On our Facebook page we often chat about how our disability comes into question.  That how we look doesn’t reflect our inner pain; which is true of many debilitating conditions like arthritis, autoimmune disease, fibromyalgia. Then there’s how our mobility alters so precariously; it’s no secret that I could be in bed, rigid with pain one day and in Nero’s the next.  Also age is used against us.  For some reason people think the younger we are, the better placed we are to cope.  Actually it means our spines have given up way too early and if we don’t conserve what we’re left with we’re in trouble.

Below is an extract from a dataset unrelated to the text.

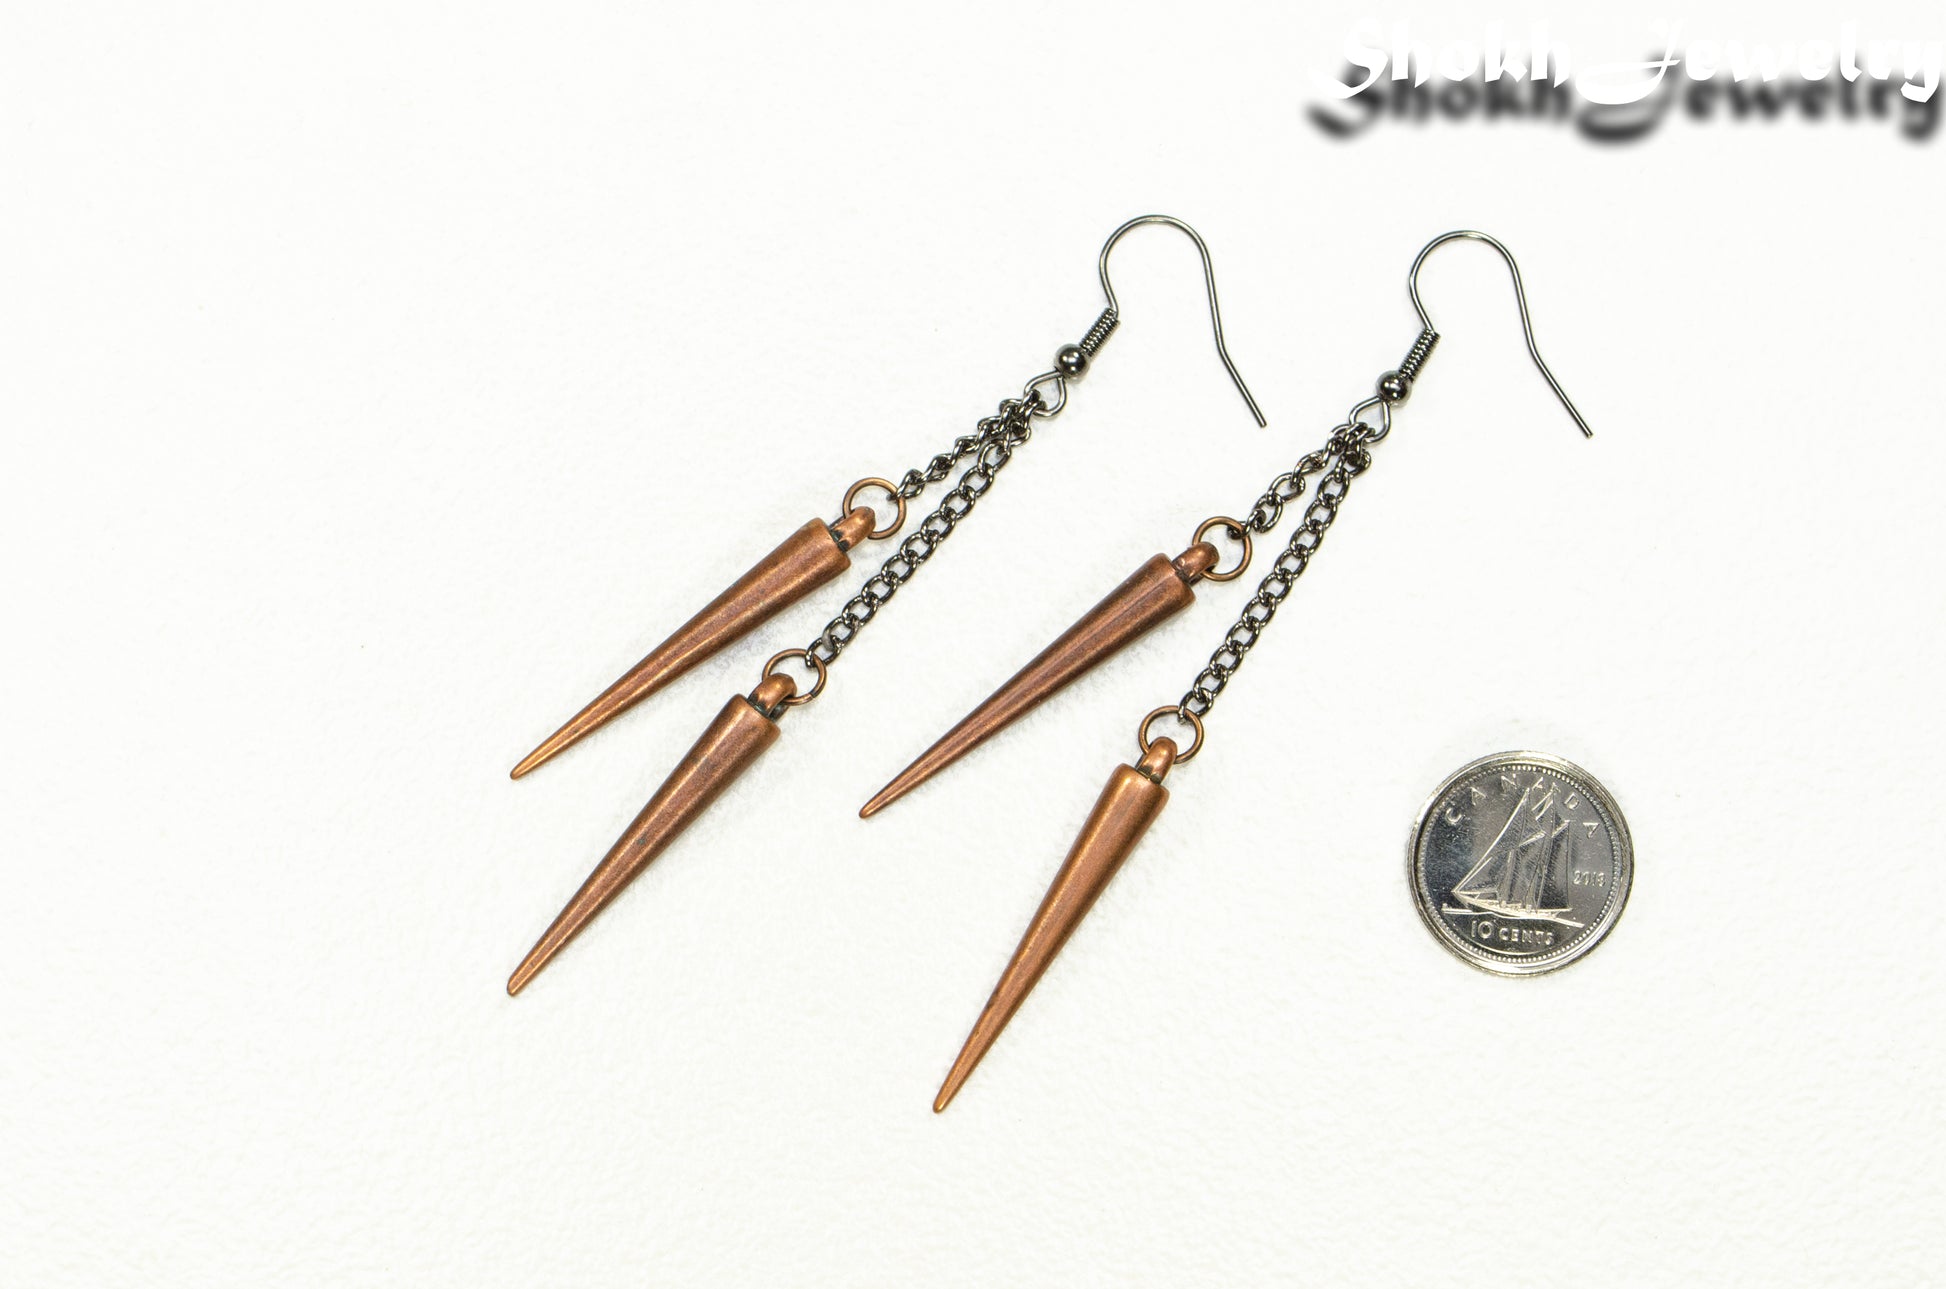 Long chain and antique copper spike earrings beside a dime.

There is so much heartbreak and agony in the world; it’s hard to know who to help and how; often we don’t have the time or the resources.  Usually I donate to Crisis at Christmas.  This year I want to donate something to homeless teens/young adults.  I can’t fix the world but if you help one person then that’s brilliant.  When those around me support Myelopathy.Org they are supporting me.  I find coping with day to day life challenging. It’s very hard to fight your corner when you’re in pain and exhausted and so we rely on our friends to accept us and charities to be our voice.

Thank you ladies you raised £33.10 for MYELOPATHY.ORG.  Thank you Paula for your patience, I’m getting disruptive in my old age, but it’s because you’re my friend that I had the confidence to butt in.